Assim, ao abrigo das competências previstas pelo Decreto-Lei n.º 15/2022, de 14 de janeiro, e ao abrigo do disposto no artigo 25.º do Decreto-Lei n.º 87-A/2025, de 25 de julho, no uso dos poderes em mim delegados pelo Despacho n.º 9524/2025, de 4 de agosto, da Ministra do Ambiente e Energia, publicado no Diário da República, 2.ª série, n.º 153, de 11 de agosto de 2025, determino o seguinte:
1 - A Direção-Geral de Energia e Geologia (DGEG) deve promover a realização de um estudo técnico de avaliação da preparação e da resposta dos operadores aos eventos climáticos extremos ocorridos entre janeiro e fevereiro 2026, em Portugal, com impacto significativo nas infraestruturas da RESP e na respetiva continuidade de serviço de abastecimento de eletricidade.
2 - O estudo deve incluir, designadamente:
a) Caracterização dos eventos ocorridos, identificando, por evento e globalmente, a duração, extensão geográfica, severidade e impacto na estrutura do SEM;
b) Descrição da preparação dos operadores no reforço da resiliência das redes, no sentido de garantir segurança no aprovisionamento energético, perante condições climatéricas adversas, listando medidas, instrumentos de planeamento e investimentos implementados previamente pelos operadores;
c) Avaliação da resposta dos operadores, atendendo às seguintes diretrizes:
i) Reconstituição cronológica, por evento e globalmente, com marcos intermédios datados desde o primeiro impacto até à reposição do serviço, incluindo fases de diagnóstico, mobilização de equipas, acionamento de protocolos de cooperação internacional, intervenções prioritárias e estabelecimento progressivo do fornecimento, até à normalização do abastecimento de eletricidade;
ii) Identificação de constrangimentos críticos, causas de atraso, dependências externas e riscos de segurança que tenham condicionado a reposição;
iii) Análise comparativa entre o planeamento e os procedimentos previamente estabelecidos e a resposta efetivamente adotada.
d) Análise comparativa internacional, baseada em eventos meteorológicos adversos equiparáveis e em referências técnicas e operacionais pertinentes, que permita enquadrar, face a outros países, os elementos apurados nas alíneas anteriores, incluindo, designadamente:
i) Caracterização dos eventos selecionados para comparação internacional, explicitando critérios de comparabilidade e descrevendo, a sua magnitude, duração e impacto nas redes elétricas.
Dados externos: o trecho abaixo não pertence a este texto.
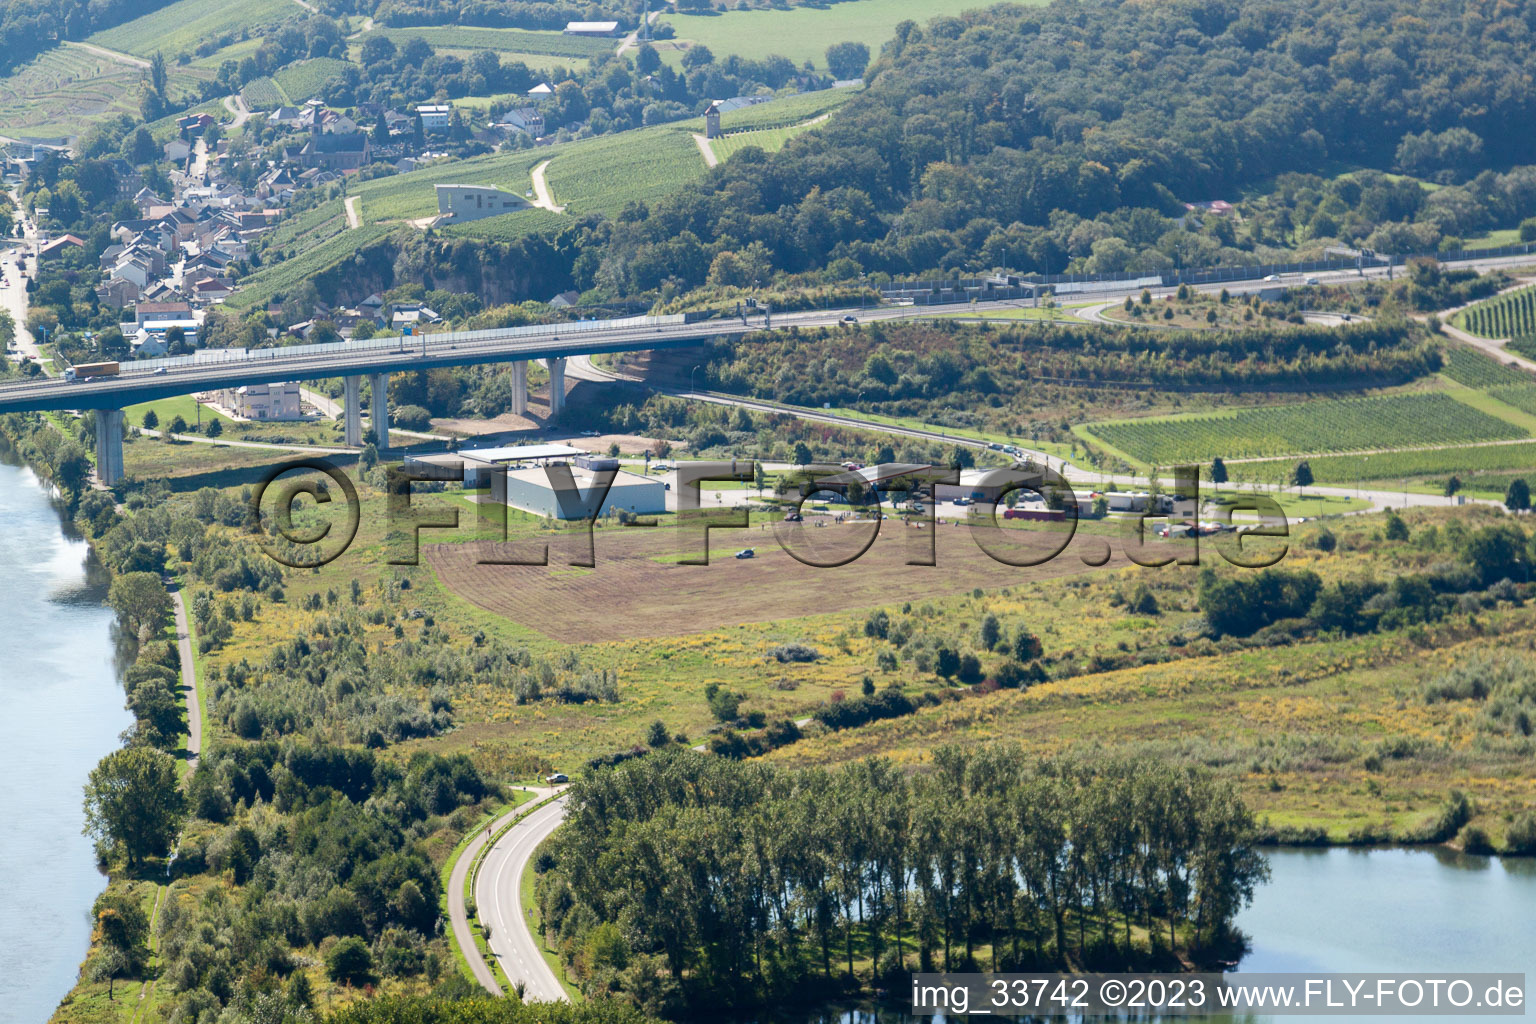 Luftbild von Schengen, die Tankstelle im Bundesland Gréiwemaacher, Luxemburg

ii) Comparação das abordagens de preparação, planeamento e reforço de resiliência adotadas por operadores homólogos, incluindo a análise de fatores estruturais relevantes, nomeadamente a percentagem de redes enterradas, e a forma como estes se refletem na exposição ao risco e na estratégia de investimento.
iii) Comparação do modelo de resposta e do desempenho operacional observado nas diversas fases ocorridas até à reposição total do serviço.
3 - O estudo deve ser coordenado pela DGEG, em estreita cooperação com os operadores, que devem disponibilizar todos os dados e evidências documentais consideradas relevantes.
4 - A DGEG deve remeter ao membro do Governo responsável pela área da energia uma versão preliminar do estudo no prazo de 60 dias, para efeitos de apreciação e emissão de orientações finais, sem prejuízo de articulação e acompanhamento regular com o Gabinete.
5 - A versão final do estudo deve ser apresentada ao membro do Governo responsável pela área da energia no prazo de 90 dias.
6 - O presente despacho produz efeitos no dia seguinte ao da sua publicação.
12 de março de 2026. - O Secretário de Estado Adjunto e da Energia, Jean Paulo Gil Barroca.